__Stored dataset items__
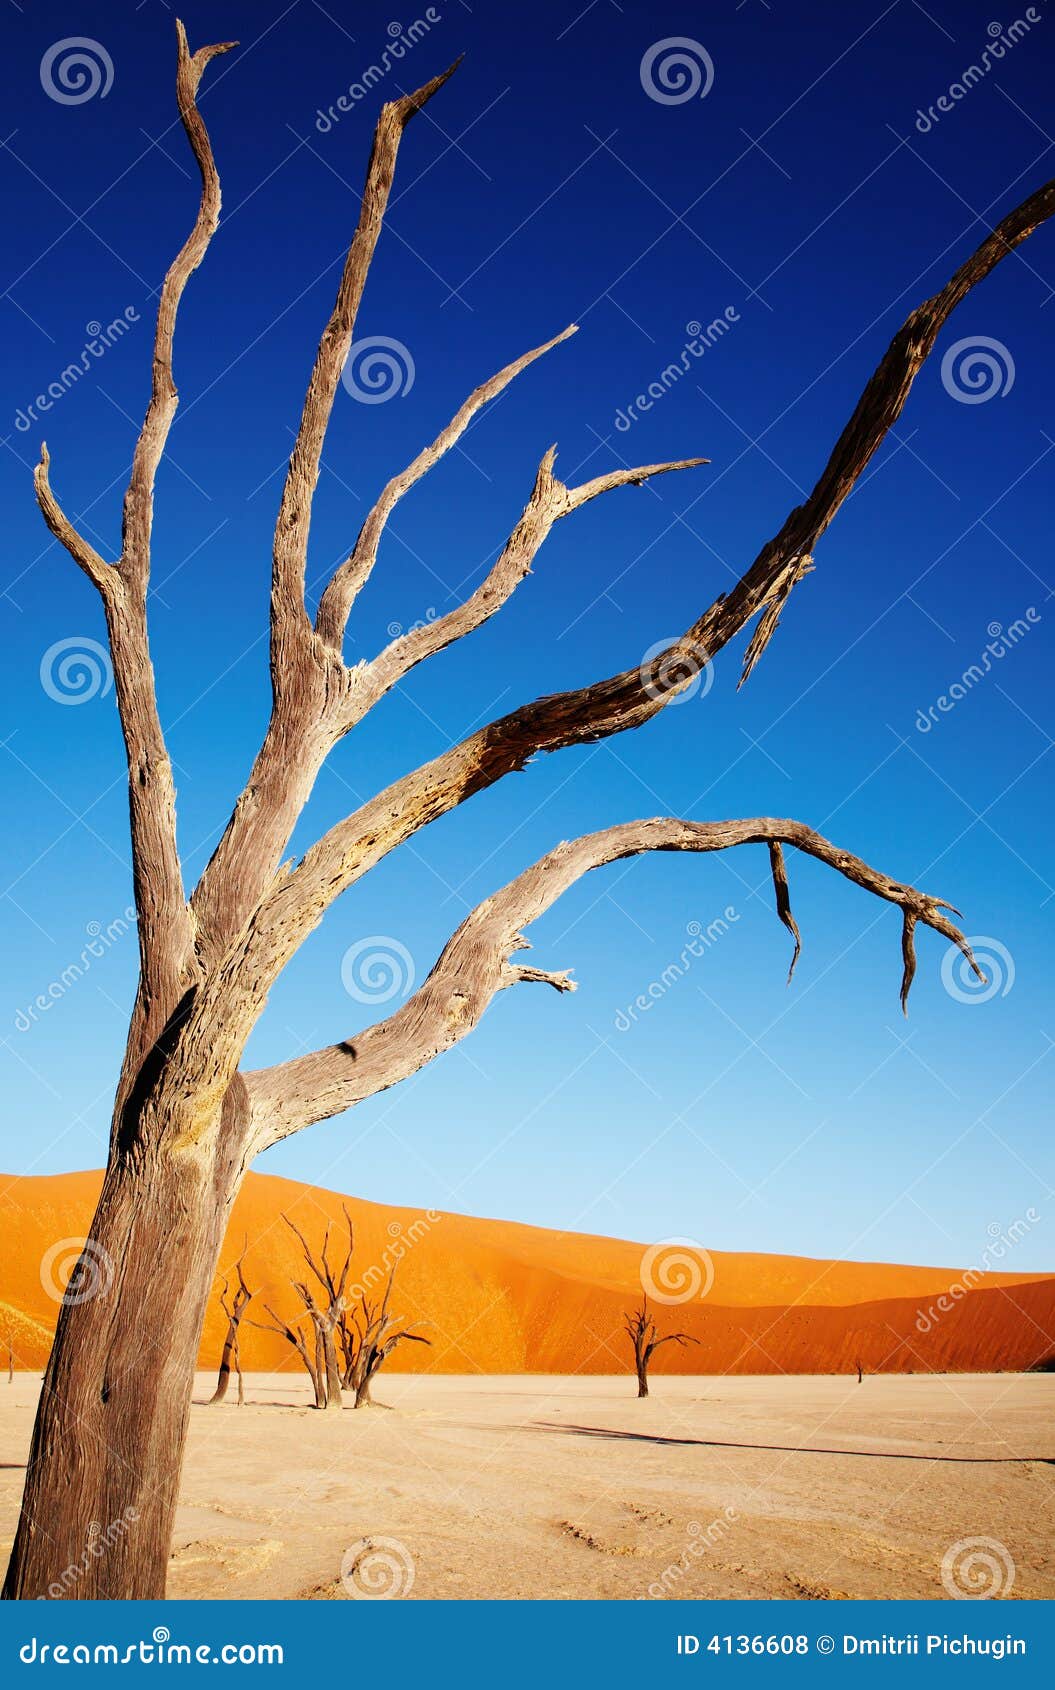 Moon Landscape In Namibia Africa Trees Lake
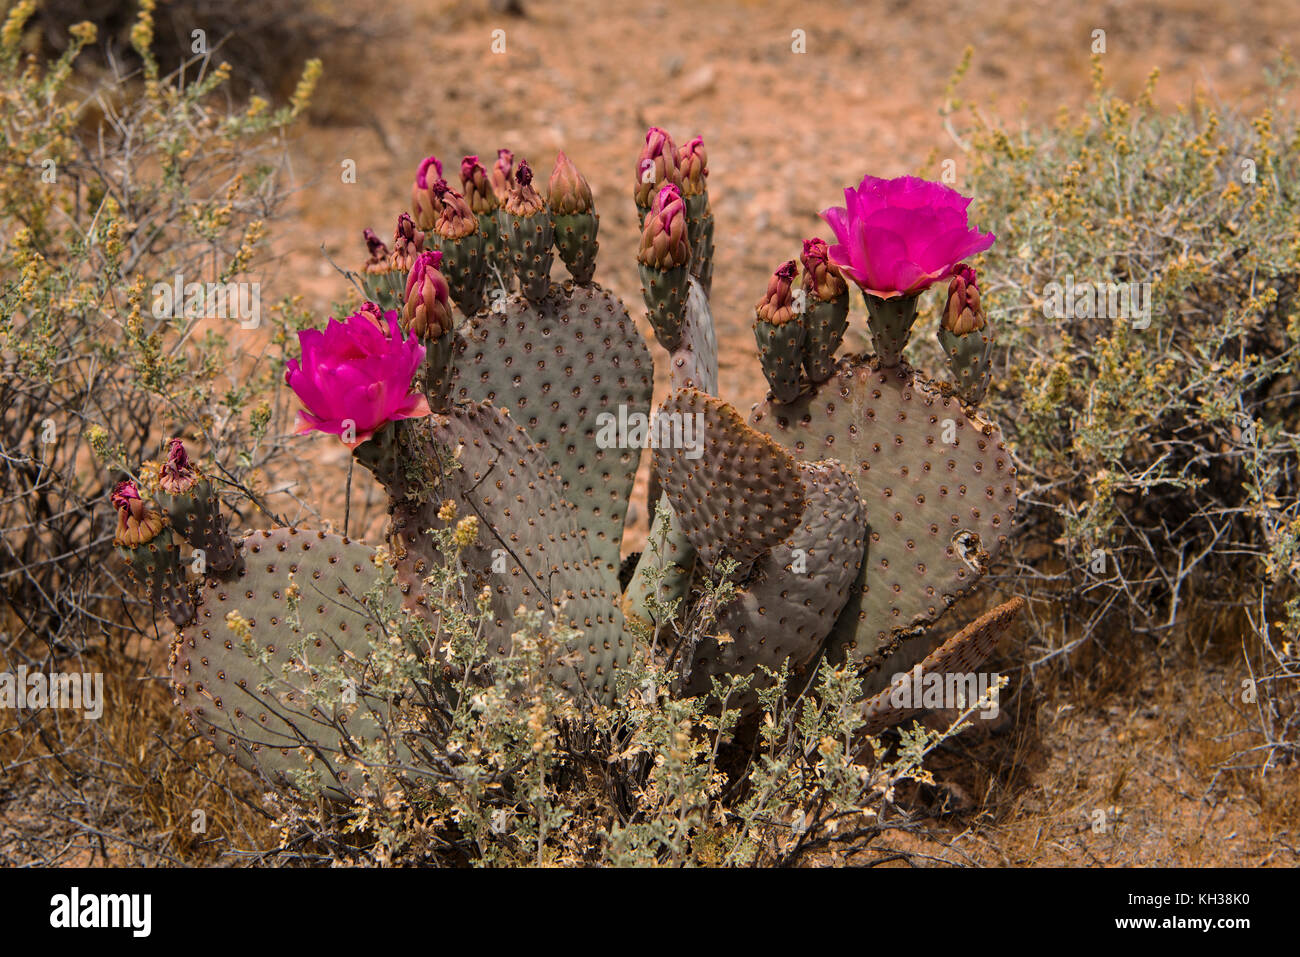 Magenta colored flowers on a cactus in the desert near the Valley of Fire in Nevada, USA Stock Photo
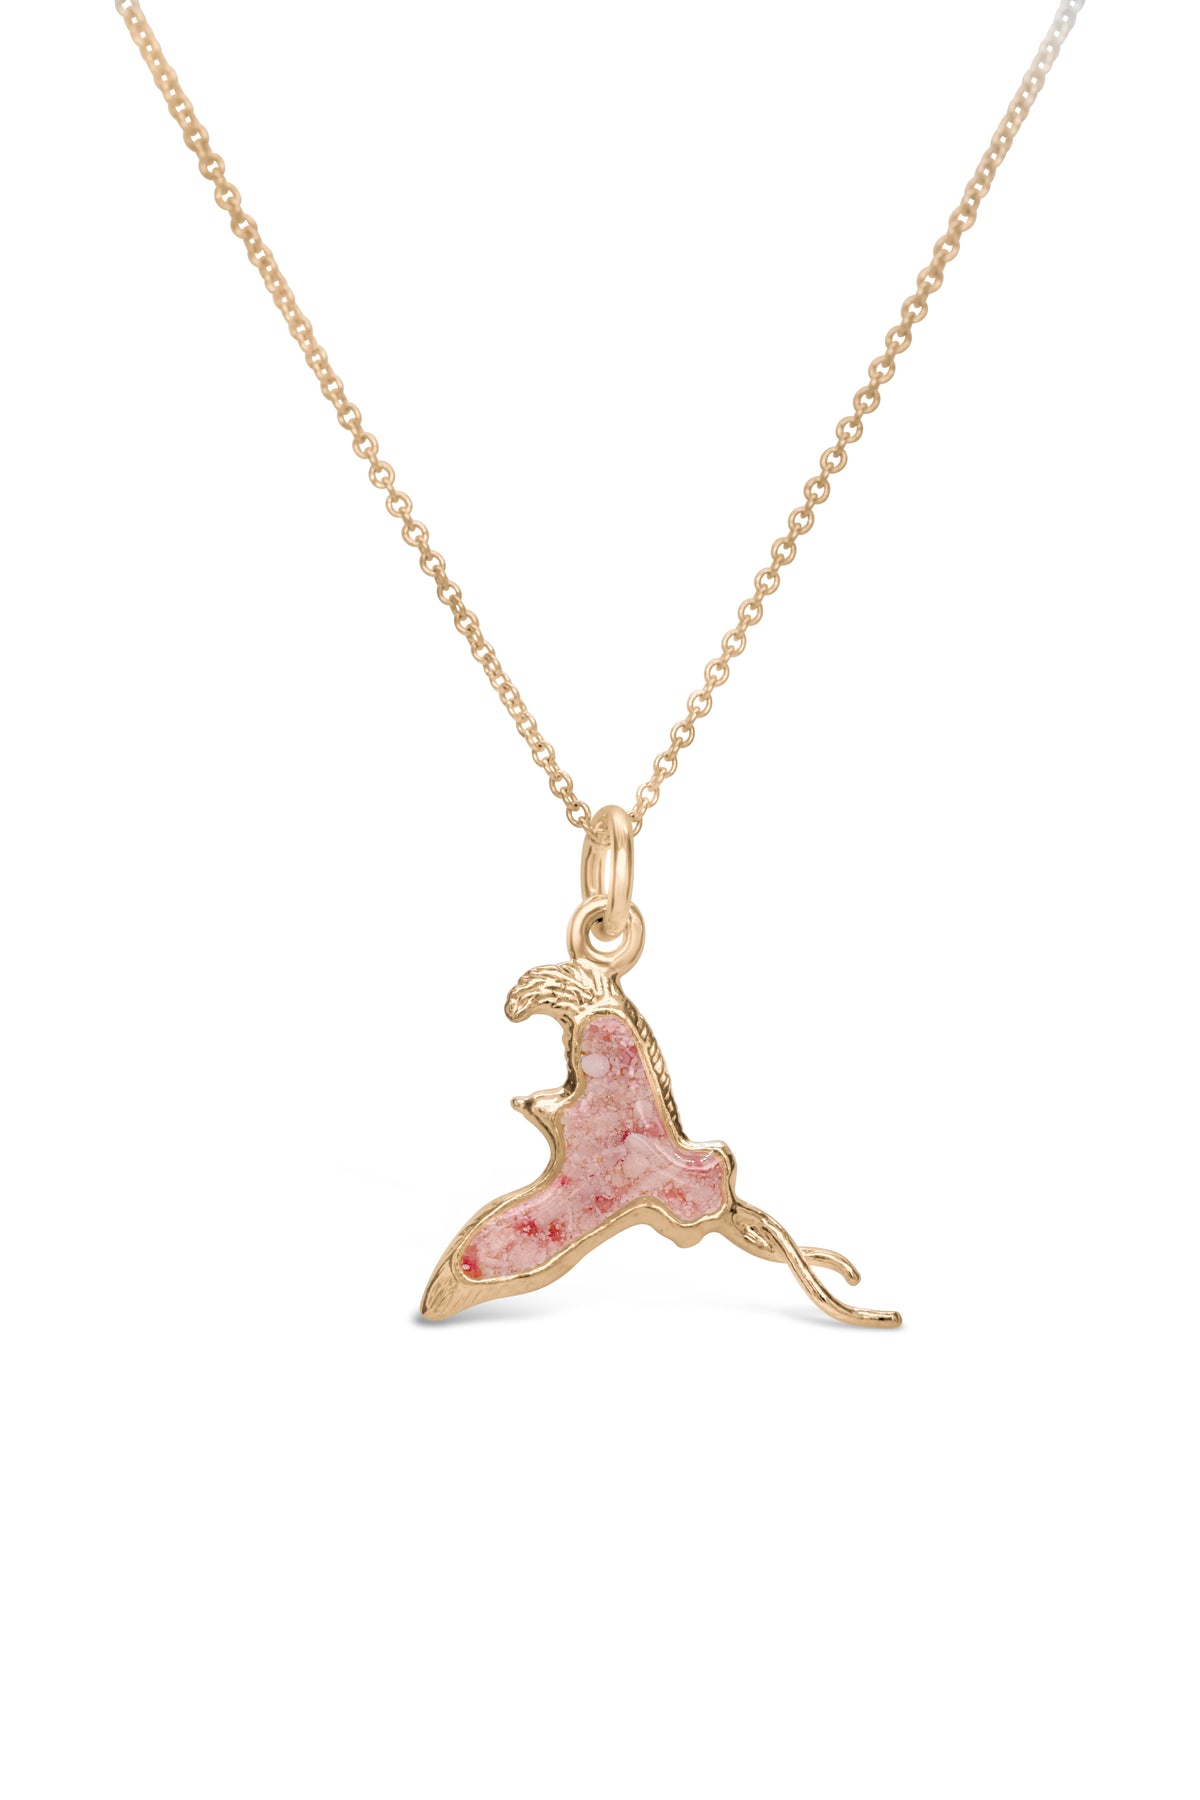 Longtail ~ Small Pendant in Gold
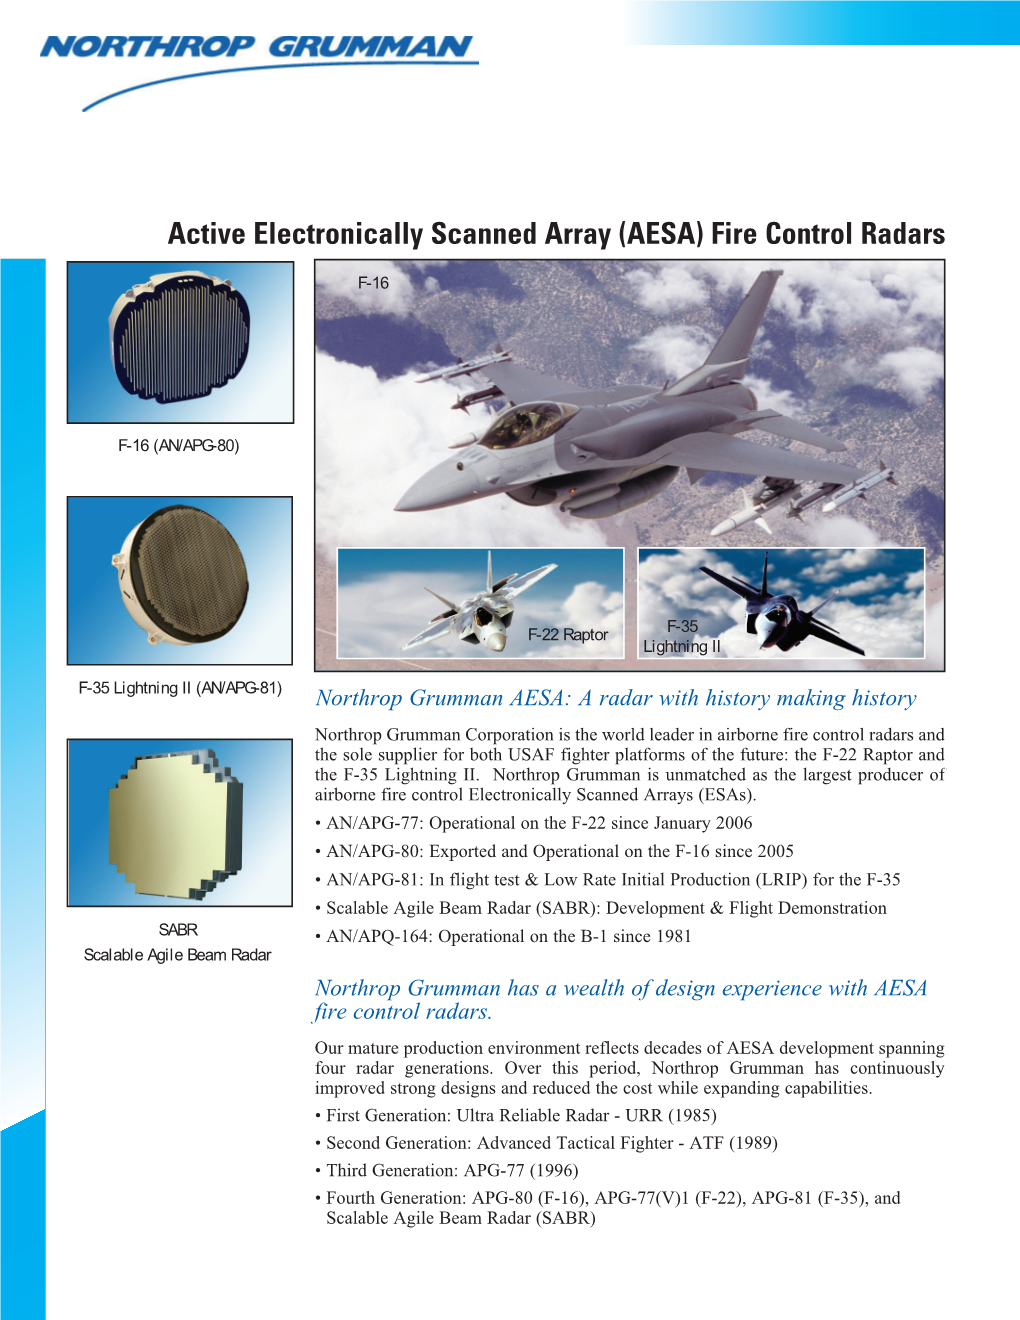 Active Electronically Scanned Array Radars
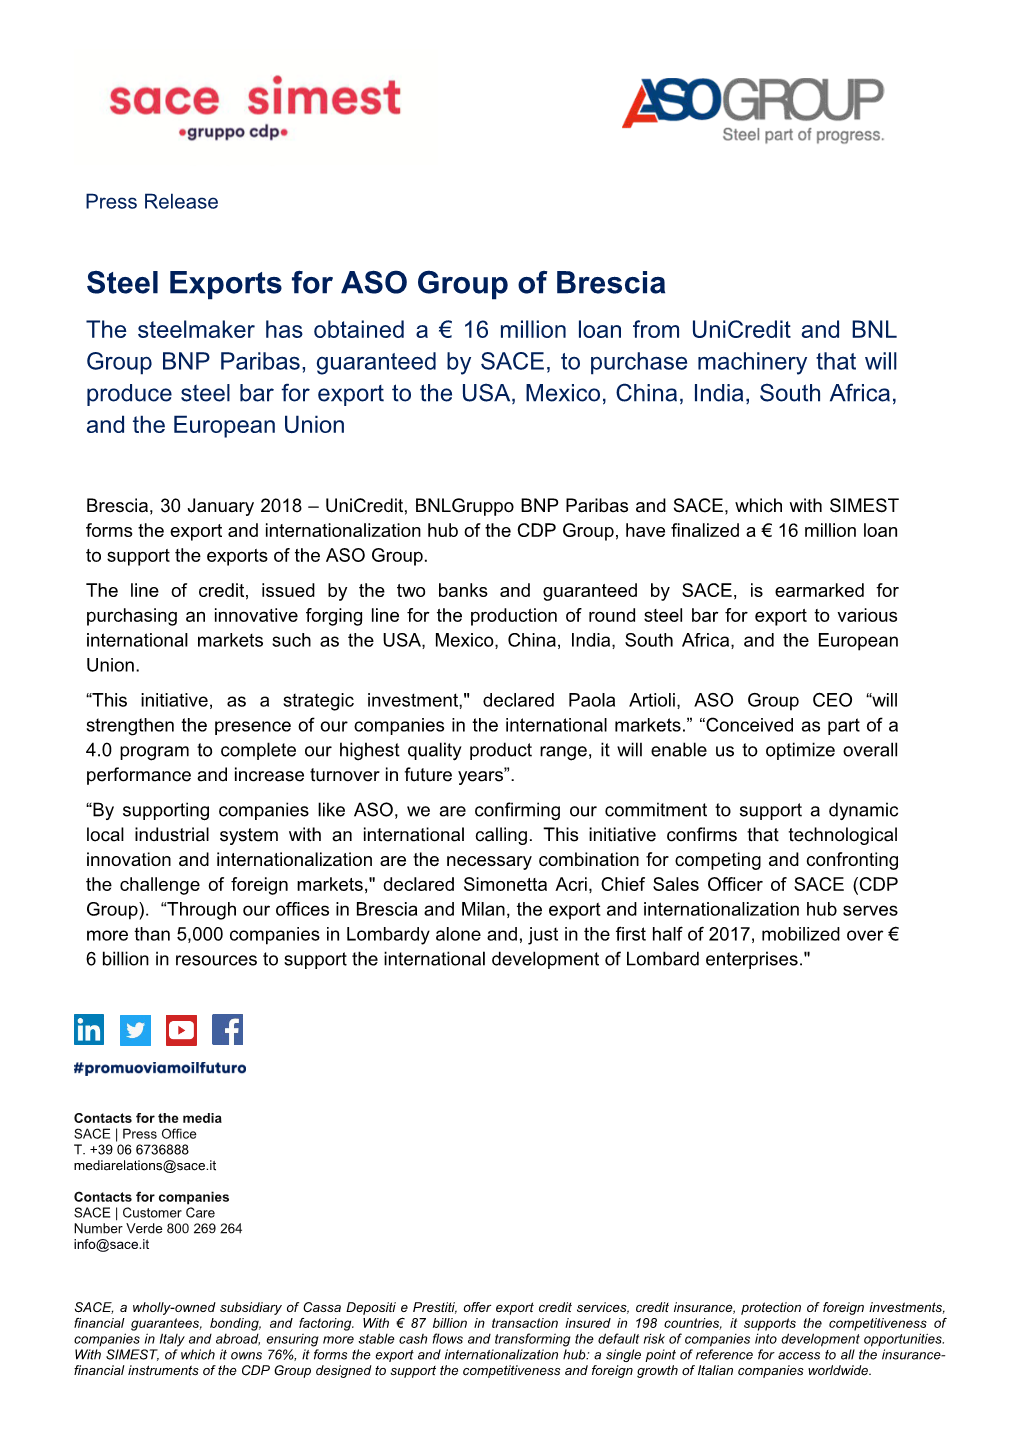 Steel Exports for ASO Group of Brescia

__PROBLEM__
Retype, please, exactly the lines that begin with the one containing "Magenta colored flowers" and end at the last line of the entries above, both included, leaving out pictures.

__FINISHED TASK__
 Magenta colored flowers on a cactus in the desert near the Valley of Fire in Nevada, USA Stock Photo
 Longtail ~ Small Pendant in Gold
 Active Electronically Scanned Array Radars
 Steel Exports for ASO Group of Brescia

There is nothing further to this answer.